Drop the images. Copy every line below character for character.

----- RECORDED DATA -----

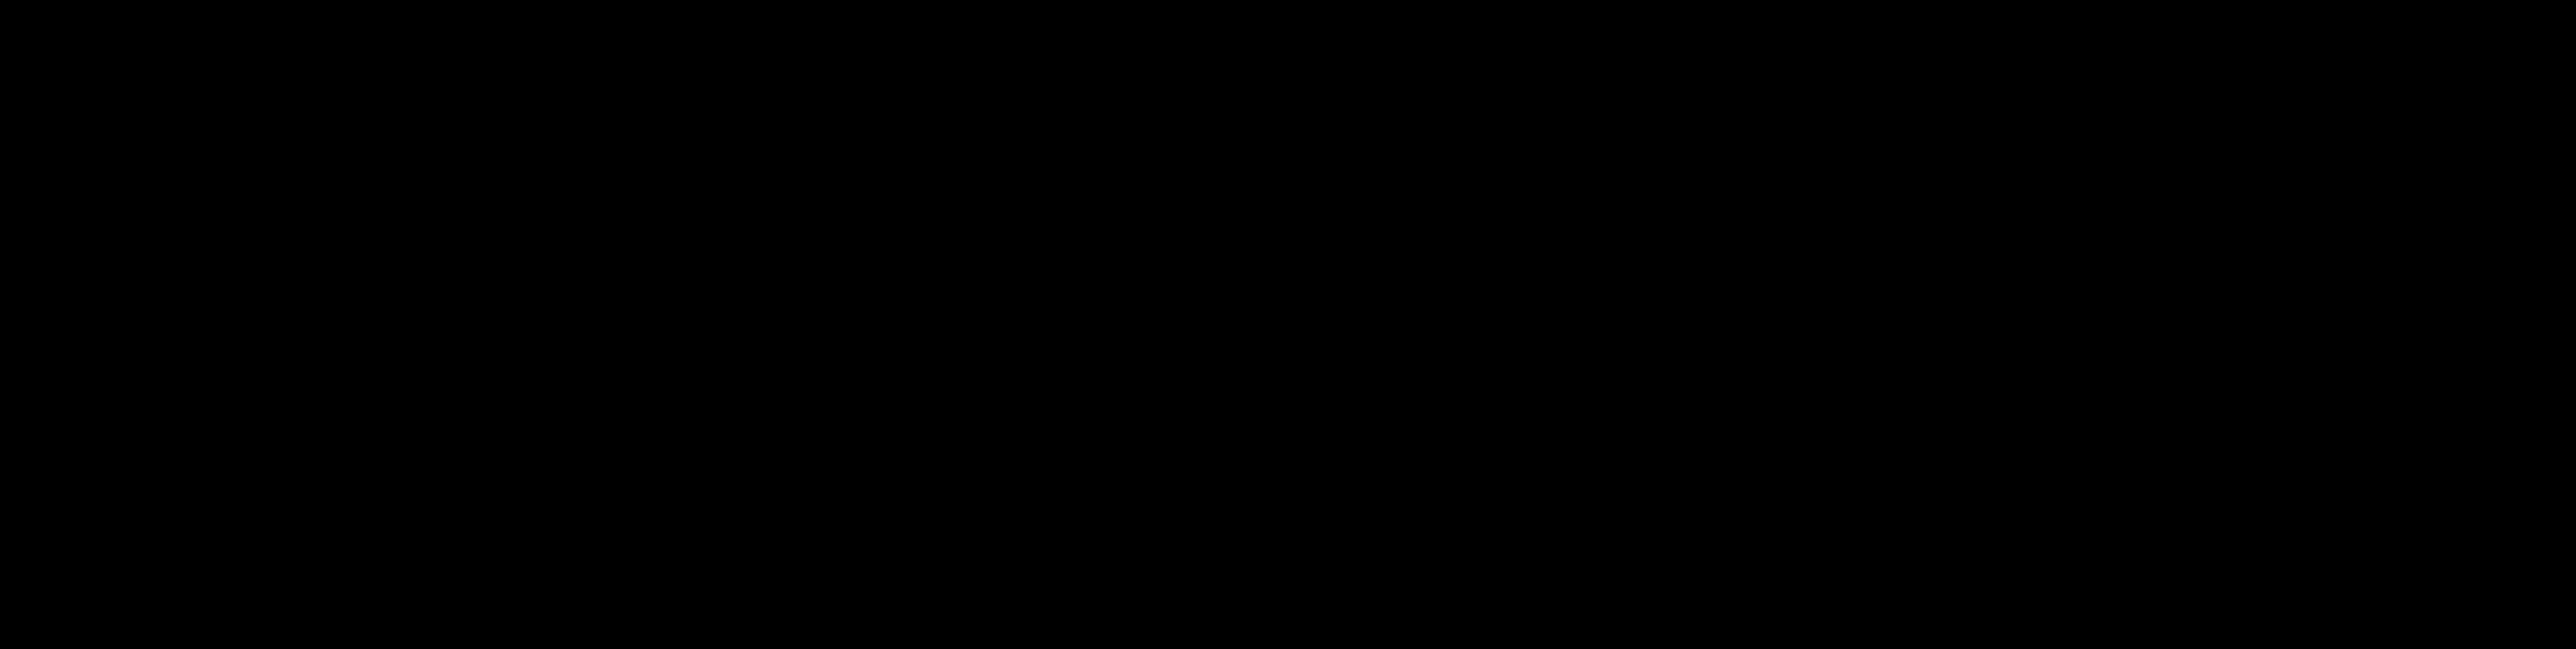 Andersen-1
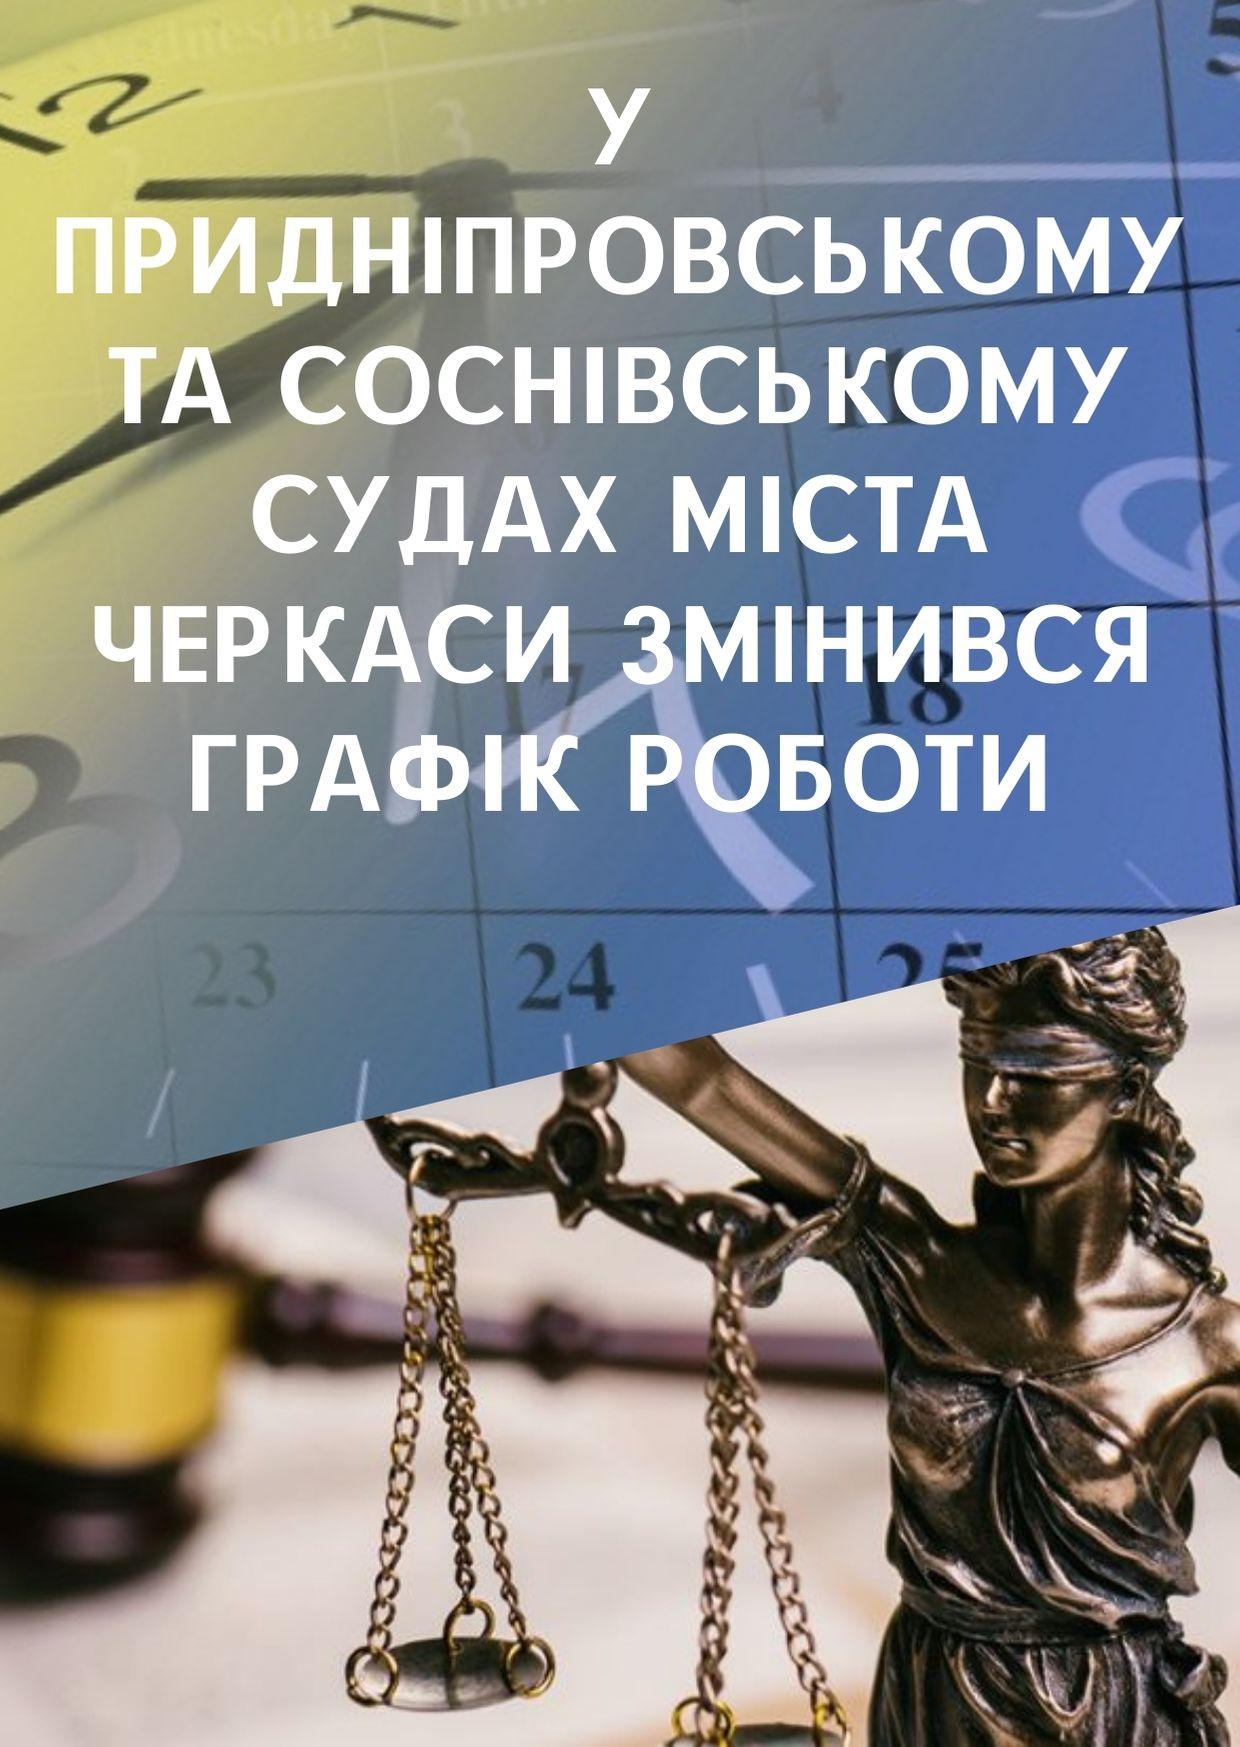 У Придніпровському та Соснівському судах міста Черкаси змінився графік роботи
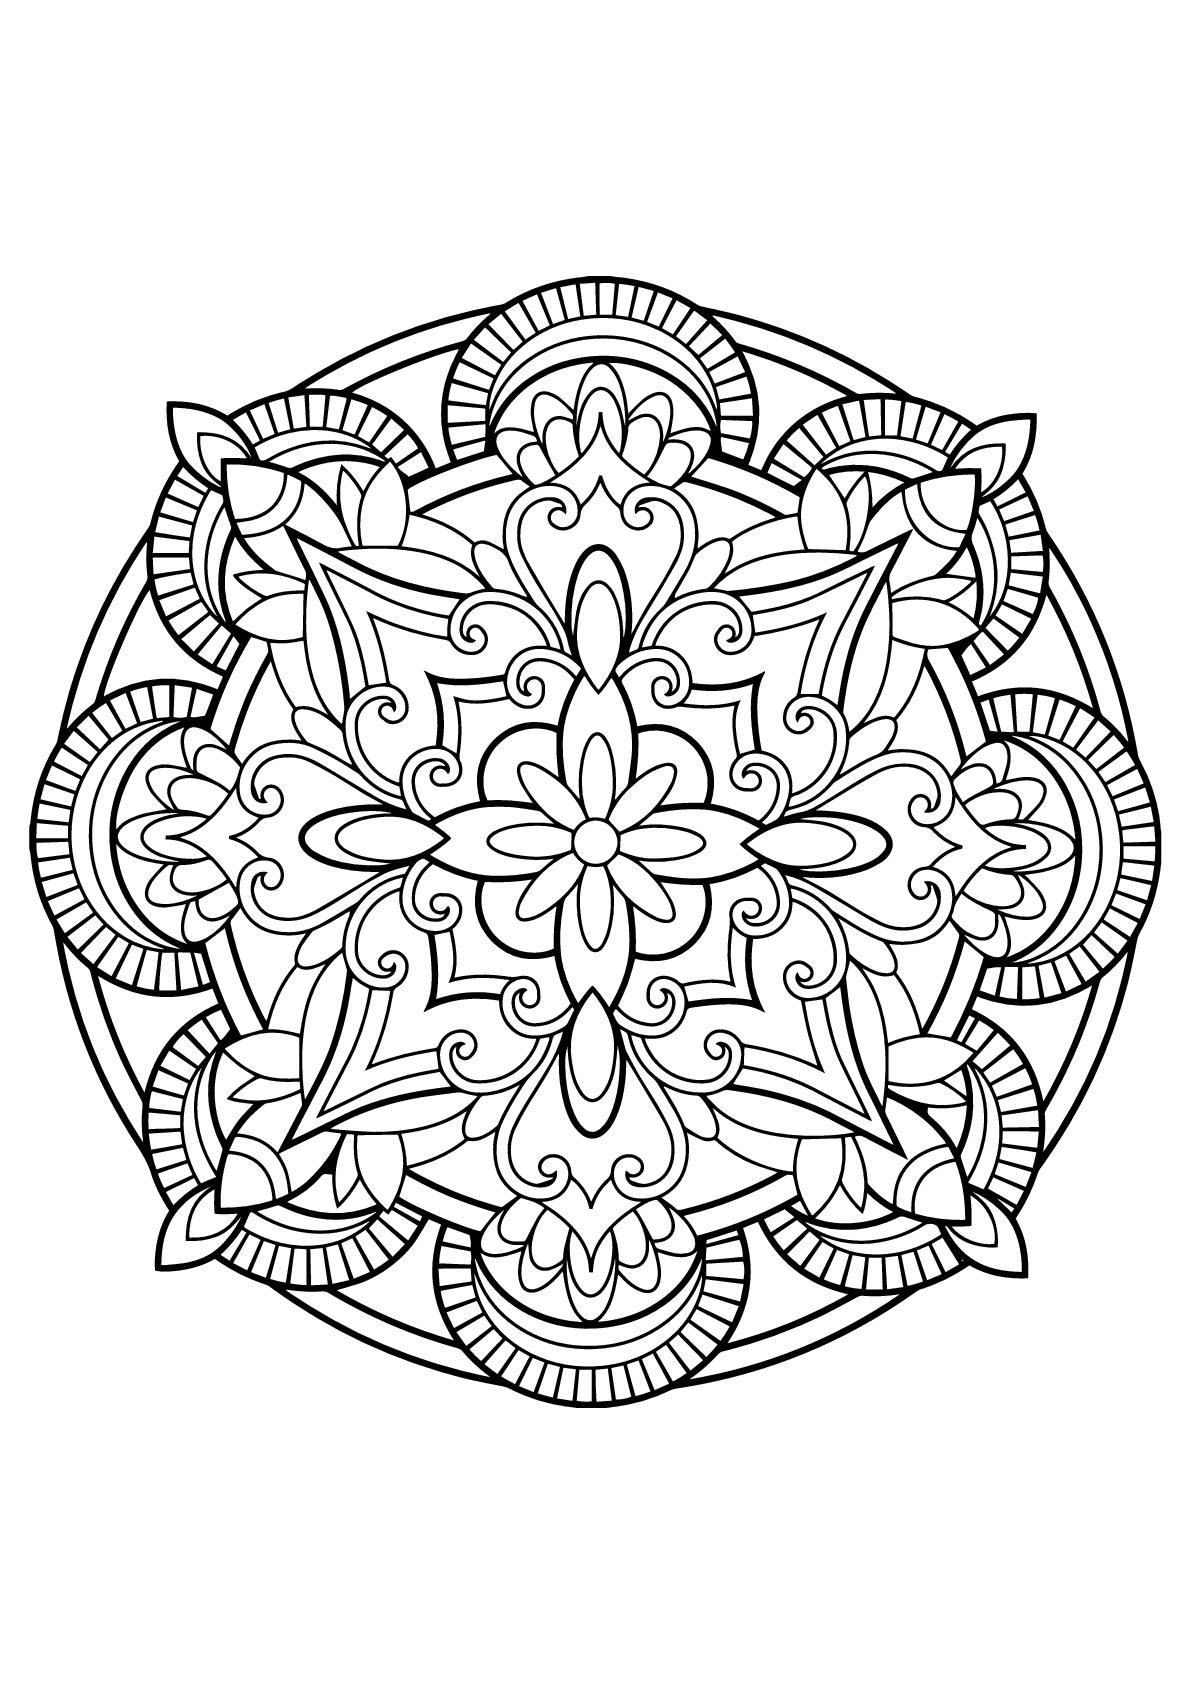 Livre De Coloriage Mandala | Imprimer et Obtenir une Coloriage Gratuit Ici

-----

ANSWER TO THE PROBLEM:
 Andersen-1
 У Придніпровському та Соснівському судах міста Черкаси змінився графік роботи
 Livre De Coloriage Mandala | Imprimer et Obtenir une Coloriage Gratuit Ici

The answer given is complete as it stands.